CN-122020307-A - Mamba multi-mode fusion-based rolling bearing diagnosis system and method
Abstract
The invention discloses a rolling bearing diagnosis system and a rolling bearing diagnosis method based on Mamba multi-mode fusion, wherein the rolling bearing diagnosis system comprises the following steps of S1, obtaining rolling bearing vibration data, preprocessing, outputting a data set, S2, establishing a rolling bearing diagnosis system based on Mamba multi-mode fusion, S3, processing a long-sequence vibration signal by using a time sequence branch, extracting nonlinear dynamic characteristics and global time sequence dependency, outputting time sequence characteristics, S4, processing a time-frequency image by using an image branch, extracting multi-dimensional time-frequency characteristics through bidirectional state space modeling of a time axis and a frequency axis, and S5, fusing the time sequence characteristics output by the time sequence branch and the time-frequency characteristics output by the image branch through a characteristic fusion module, and outputting a rolling bearing fault classification result. By adopting the system and the method, the efficiency and the accuracy of the fault diagnosis of the rolling bearing can be effectively improved, and a practical solution is provided for the real-time fault diagnosis of the bearing in an industrial environment.
Inventors
- MA SHAOJUAN
- SUN GUANGPENG
- DING SHAOHU
- CHANG PEIJU
- XU CHANGLIN
- XU XINYI
Assignees
- 北方民族大学
Dates
- Publication Date
- 20260512
- Application Date
- 20260130
Claims (10)
- 1. A rolling bearing diagnosis system based on Mamba multi-mode fusion is characterized by comprising a time sequence branch, an image branch and a feature fusion module; The time sequence branches are used for processing the preprocessed long-sequence vibration signals, extracting nonlinear dynamic characteristics and global time sequence dependency relations in the signals and outputting time sequence characteristics; The image branches are used for processing the preprocessed time-frequency image converted by the vibration signal, and extracting multi-dimensional time-frequency characteristics through bidirectional state space modeling of a time axis and a frequency axis; the feature fusion module is used for receiving and adaptively fusing the time sequence feature output by the time sequence branch and the time frequency feature output by the image branch, and outputting a rolling bearing fault classification result.

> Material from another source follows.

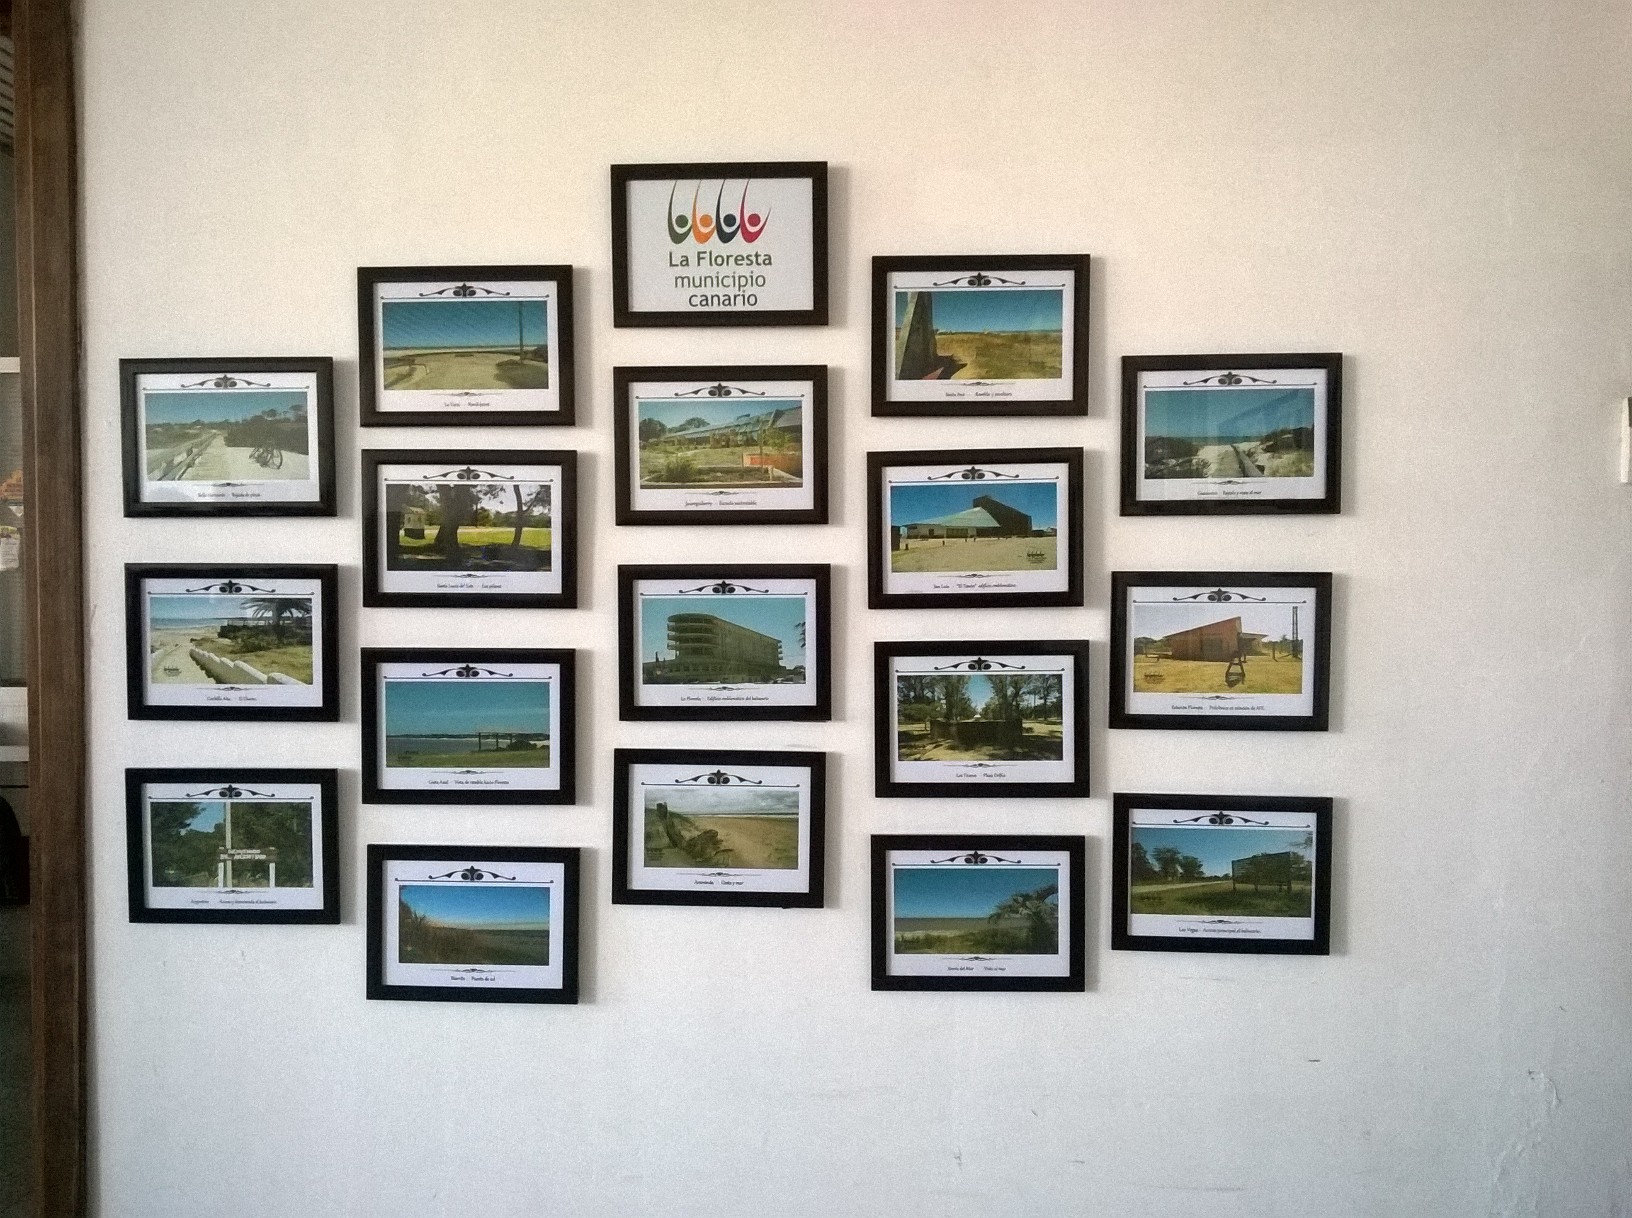 Fotos representativas de todos los balnearios de la jurisdicción.

- 2. The Mamba multi-modal fusion-based rolling bearing diagnosis system as claimed in claim 1, wherein the time sequence branch comprises an input normalization layer, a multi-scale convolution layer, a characteristic enhancement module, a state space scanning module and an output layer which are sequentially connected in series, wherein the input normalization layer receives a preprocessed long-sequence vibration signal and performs normalization processing to obtain initial characteristics and outputs the initial characteristics to the multi-scale convolution layer; The image branch comprises a downsampling layer, a biaxial state space block module and a global pooling layer; the system comprises a down sampling layer, a dual-axis state space block module, a global pooling layer, a multi-dimensional time-frequency module and a multi-dimensional time-frequency module, wherein the down sampling layer receives a preprocessed time-frequency image and performs down sampling processing and outputs processed features to the dual-axis state space block module; The dual-axis state space block module comprises TFSSM Block a, wherein the TFSSM Block a is connected with TFSSM Block a, and the TFSSM Block a is connected with TFSSM Block a 3 after performing depth separable downsampling, wherein the TFSSM Block a 3 is used for depth feature refinement, and the depth separable downsampling is used for reducing space dimension and reserving channel information; The feature fusion module comprises a low-rank projection layer, a cross attention calculation layer and an output layer, wherein the low-rank projection layer receives the time sequence features and the multi-dimensional time-frequency features, projection calculation complexity is reduced through low-rank parameterization processing, the processed features are output to the cross attention calculation layer, the cross attention calculation layer takes the multi-dimensional time-frequency features as inquiry, the time sequence features are keys and values, bimodal feature interaction calculation is completed, and finally rolling bearing fault category distribution is output through a classification head of the output layer after feature weighted fusion, normalization, amplitude cutting and random inactivation processing.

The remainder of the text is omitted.